Margot was saying, just the other day, that the sign on the Duke of Cumberland in Cottingham was looking a bit faded and unreadable. Well that is no longer the case with this fine sign letting the world know what's what. A few other things like a new doorway and a fresh coat of paint, have seen the old place transformed after a brief closure. The place is due to re-open today with new management, (actually old management returning) so good luck to them.


Thursday 23 May 2019

Thursday's Crow


When that I was and a little tiny boy, back in the day, crows, by which I mean carrion crows, did not much venture into towns, least not the towns I lived in. You'd see rooks aplenty, with their bare faces and triangular beaks and noisy rookeries, but a big old black crow was a rare sight and they were shy scaredy beasts. Now it's the other way round; the rooks have become almost entirely rural (OK Cottingham village has one or two but you get my drift) while the town centre and suburbs (there's a pair nesting in next door's tree) are pretty good places to see these fine snappers-up of unconsidered trifles, hobbing and bobbing as if they owned the world which they may well do.  

Ok it's another crow, could have been worse I haven't posted the maritime museum for a while.

Later today I shall be going to vote in the EU Parliamentary elections but as the results won't be known until Sunday, lest the UK result influence the rest of the EU (fat chance!) I'll post about that later if at all ...

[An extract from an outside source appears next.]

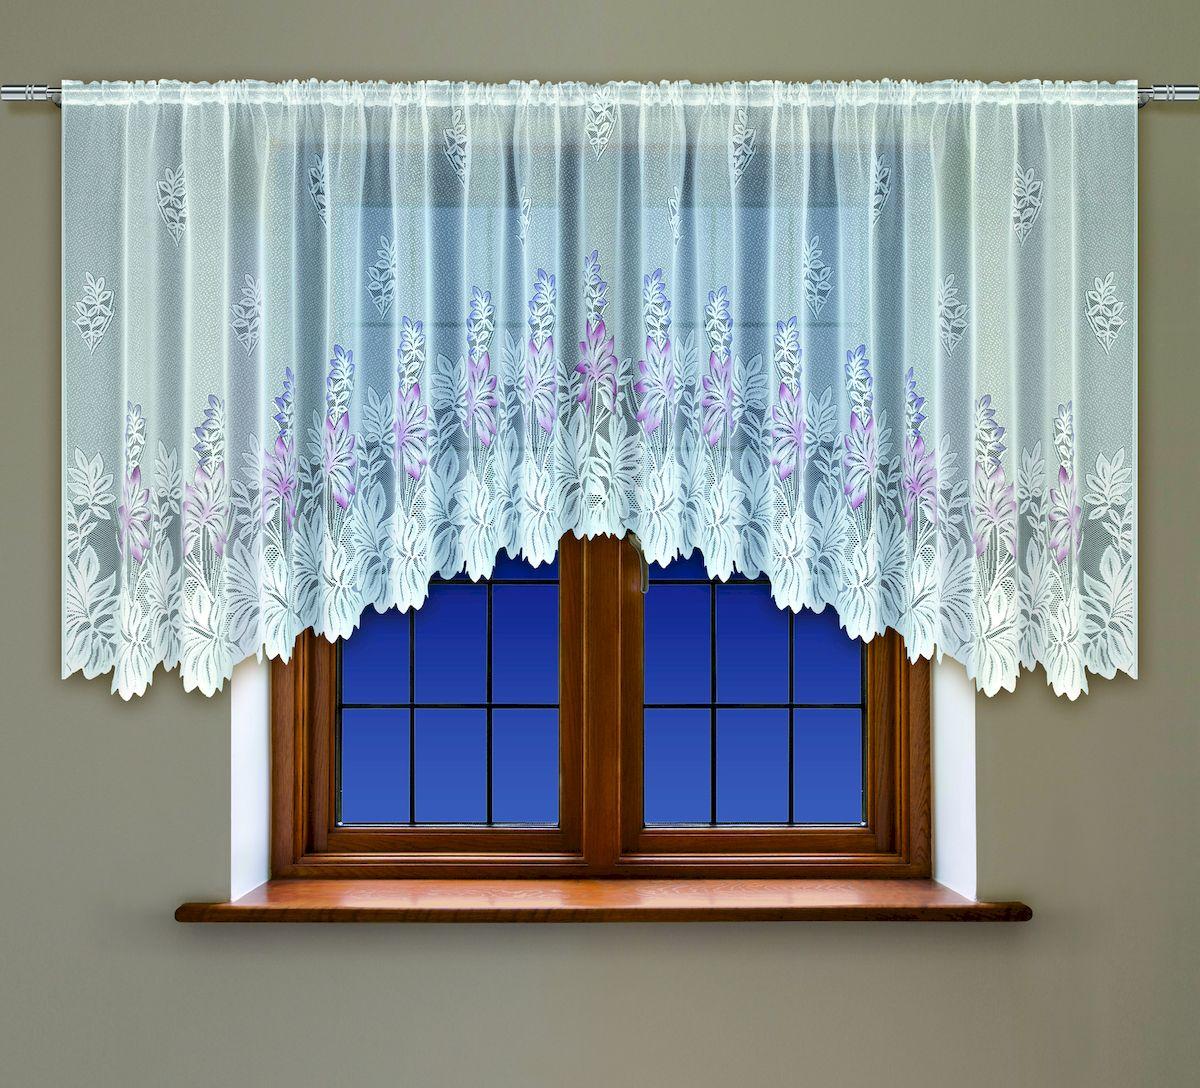 Гардина Haft, на кулиске, цвет: белый, высота 137 см. 200530200530/137Воздушная гардина Haft, выполненная из полиэстера, великолепно украсит любое окно.Изделие имеет оригинальный дизайн и органично впишется в интерьер помещения.Гардина крепится на карниз при помощи кулиски.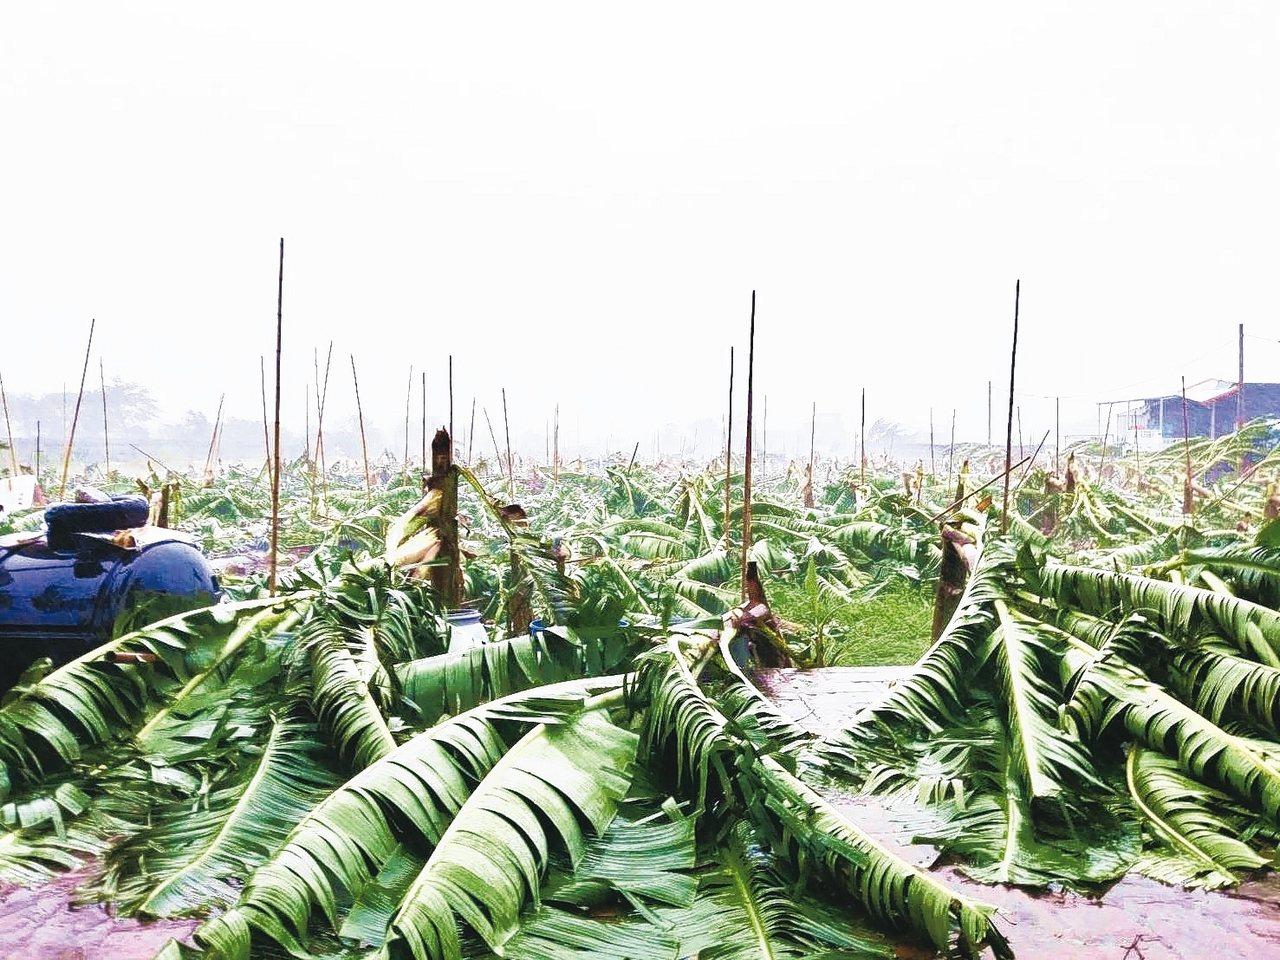 白鹿颱風造成台東香蕉倒伏及葉面破損計66公頃。 記者羅紹平/攝影

The weekend in black and white is fast approaching.

Wednesday 22 May 2019

Look what they done to my seat, Ma ...


In the hot sunny months of summer (it's been known to be hot and sunny here, on occasions) I used to rest up and park my posterior on the wall in the cool, verdant shade of this old willow tree and spend a few minutes watching the world go by ... now there's not one but two service boxes (suitably daubed by the numpty of the week) right where I want to be and the poor old tree has had a shocking haircut. Was it something I said?

Tuesday 21 May 2019

A Useless Passion


Deep in the depths of Whitefriargate surrounded on all sides by empty shops and the all pervading absurdity that is the city of culture what else but a coffee shop should spring up to lighten the way for the passing caffeine addicts that have taken over and destroyed our fair town with their zomby like behaviour and aggressive antisocial attitudes. They choose to wreck their lives on this substance and expect us to pick up the pieces as they huddle in doorways with eyes sunk into their befuddled heads waiting for the next fix ..... oops wrong drug, wrong rant... erm; where was I? Oh yes, if you're allergic to ontological puns avert your eyes.